Samorządy i obywatele walczą o zmiany w janosikowym

Samorządowcy chcą, by bogate jednostki oddawały biedniejszym maksymalnie 30 proc. swoich dochodów

Publikacja: 01.02.2012 07:54

Samorządy i obywatele walczą o zmiany w janosikowym

Samorządy i obywatele walczą o zmiany w janosikowym

Foto: Fotorzepa, Szymon Łaszewski

Sprawą janosikowego, a konkretnie normującymi system wyrównawczy przepisami ustawy o dochodach jednostek samorządu terytorialnego, Trybunał Konstytucyjny ma się zająć jeszcze w 2012 r. Tak poinformował prof. Andrzej Rzepliński, prezes TK.
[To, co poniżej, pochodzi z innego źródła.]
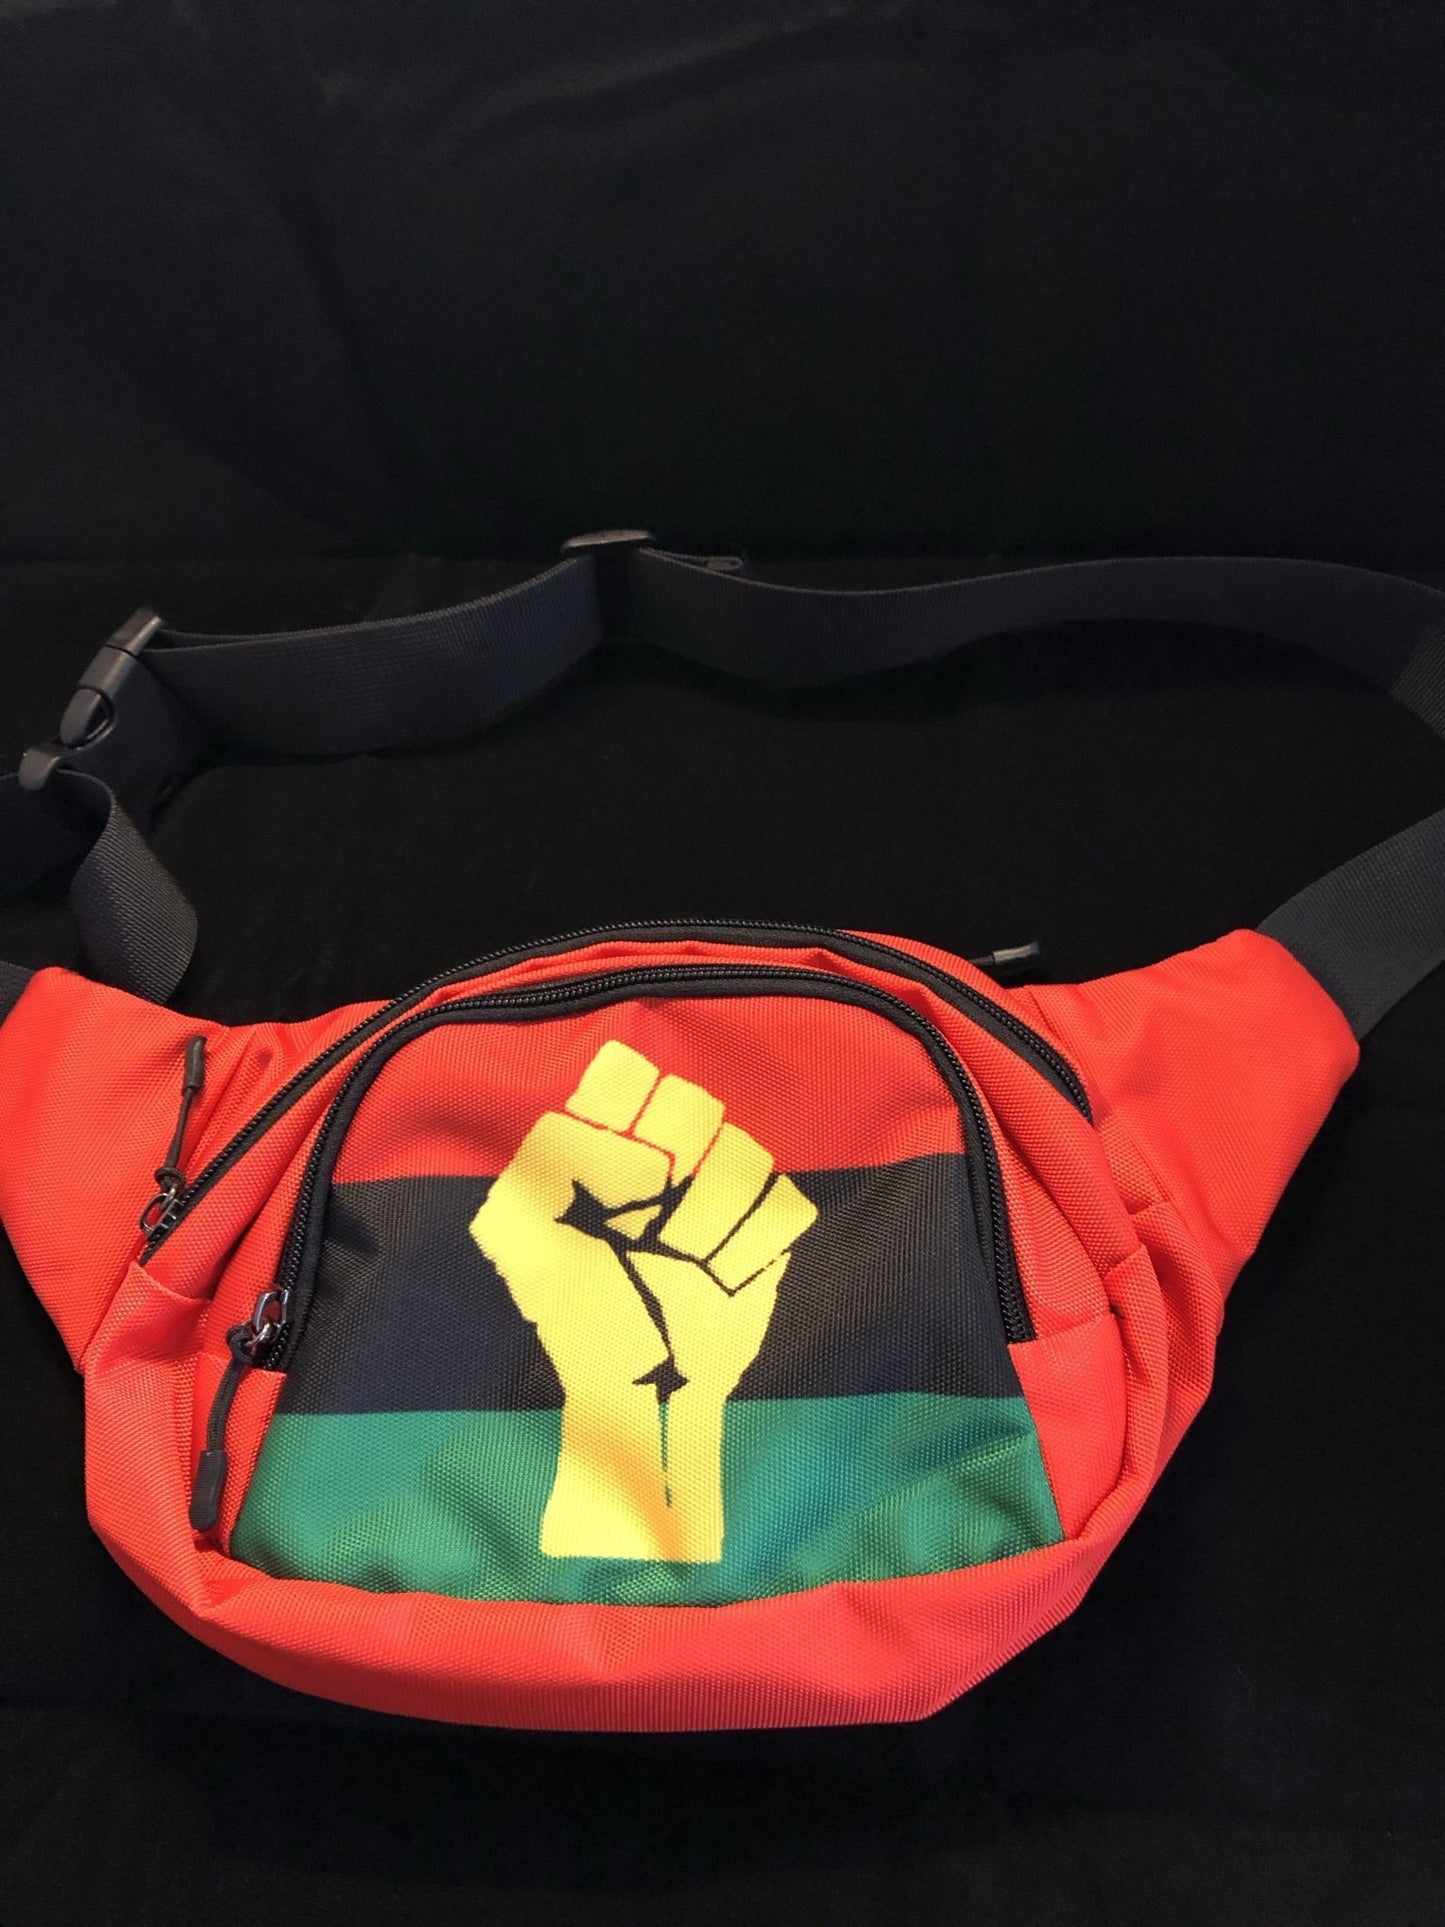 RBG Pan African Flag w/ Yellow Fist Unisex Waist Bag - Chocolate Ancestor

– Mechanizmem wyrównawczym Trybunał już się zajmował – mówi prof. Zbigniew Cieślak, sędzia TK. – W orzeczeniu K 30/04 uznał za dopuszczalne ustanawianie mechanizmu wpłat wyrównawczych czy korekcyjnych jednostek samorządu terytorialnego na rzecz całości systemu – wyjaśnia prof. Zbigniew Cieślak.

Algorytm na czasy prosperity

Pod koniec ubiegłego tygodnia marszałek woj. mazowieckiego Adam Struzik złożył w Sejmie projekt ustawy zakładającej zmiany w zasadach funkcjonowania mechanizmu wyrównawczego.

– Nie chcemy likwidacji systemu – mówił na zorganizowanej w Sejmie konferencji – ale jego złagodzenia dla tych samorządów, które są płatnikami janosikowego. Obowiązujący algorytm był skonstruowany na czasy wzrostu gospodarczego – wyjaśnia Adam Struzik. – Obecnie mamy kryzys, a janosikowe powoduje, że najbogatsze województwo po jego zapłaceniu staje się najbiedniejszym – wyjaśnia. W tym roku woj. mazowieckie musi przeznaczyć na ten cel 40 proc. swoich dochodów podatkowych, w 2010 r. było to aż 63 proc.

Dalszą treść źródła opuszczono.